Distinction between state "failed" and "terminated" -> "Failed" := user can fix it (through changes on job template for example) -> "Terminated" := error the user can't fix
I thought as Terminated as the state the job gets into if it was drmaa_controll'ed() or possibly deleted locally in DRMS (by admin or user), but the later may be optional functionality.
Exactly. A failed job needs to be fixed before being resubmitted. A terminated job could succeed as-is if resubmitted.
Why should we support extensible state? -> basically for reporting -> problem: difficult to implement in C
It might be modelled similarly to BES so that there are standard states that one can additionally inherit from to have more detailed states.
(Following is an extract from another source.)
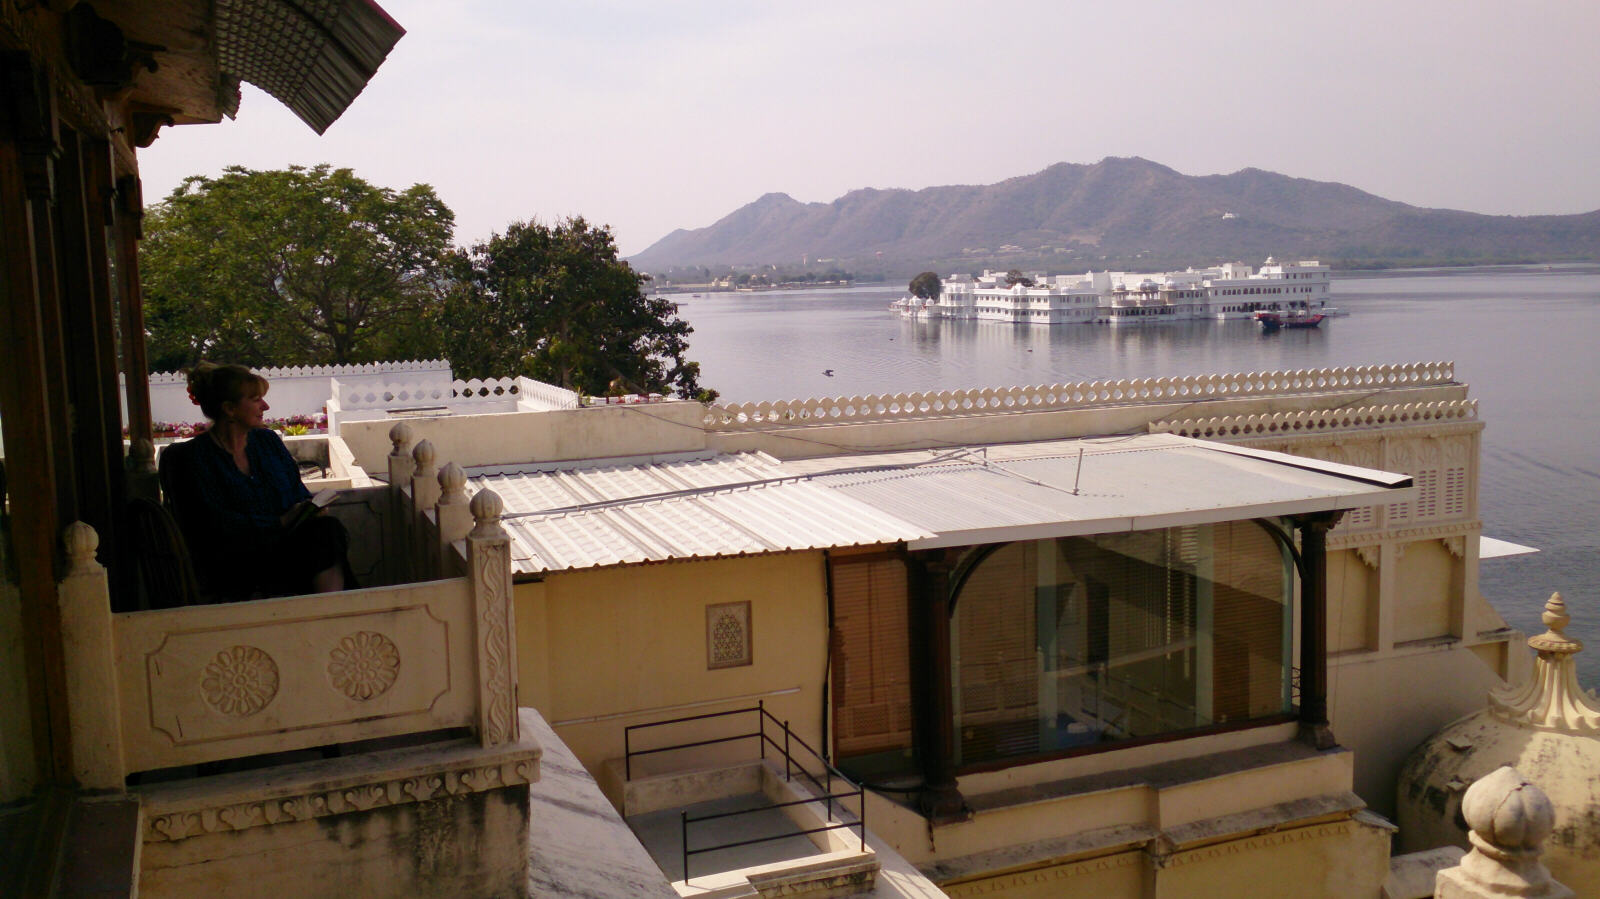 View of the lake and palace from Kankarwa Haveli, Udaipur, Rajasthan

In C it might done in the following way (kind of OOP programming in C):
typedef struct { int standard_state; } drmaa_state_t;
That would be standardised. But the implementation might want to extend it and then it might actually return:
typedef { drmaa_state_t super; int my_own_specific_state; } drmaa_sge_state_t;
If the "client" wants to use only standard states, it uses a pointer to the first structure and thus doesn't see the detailed state (e.g. general hold state + user/admin hold implementation specific). But when he knows he's using a specific DRMAA implementation it may cast the general structure to the impl-specific one. Kind of a hack, but AFAIR it is C standards compliant. Pointers to these two structures should be interchangeable, because they point to the same place in memory.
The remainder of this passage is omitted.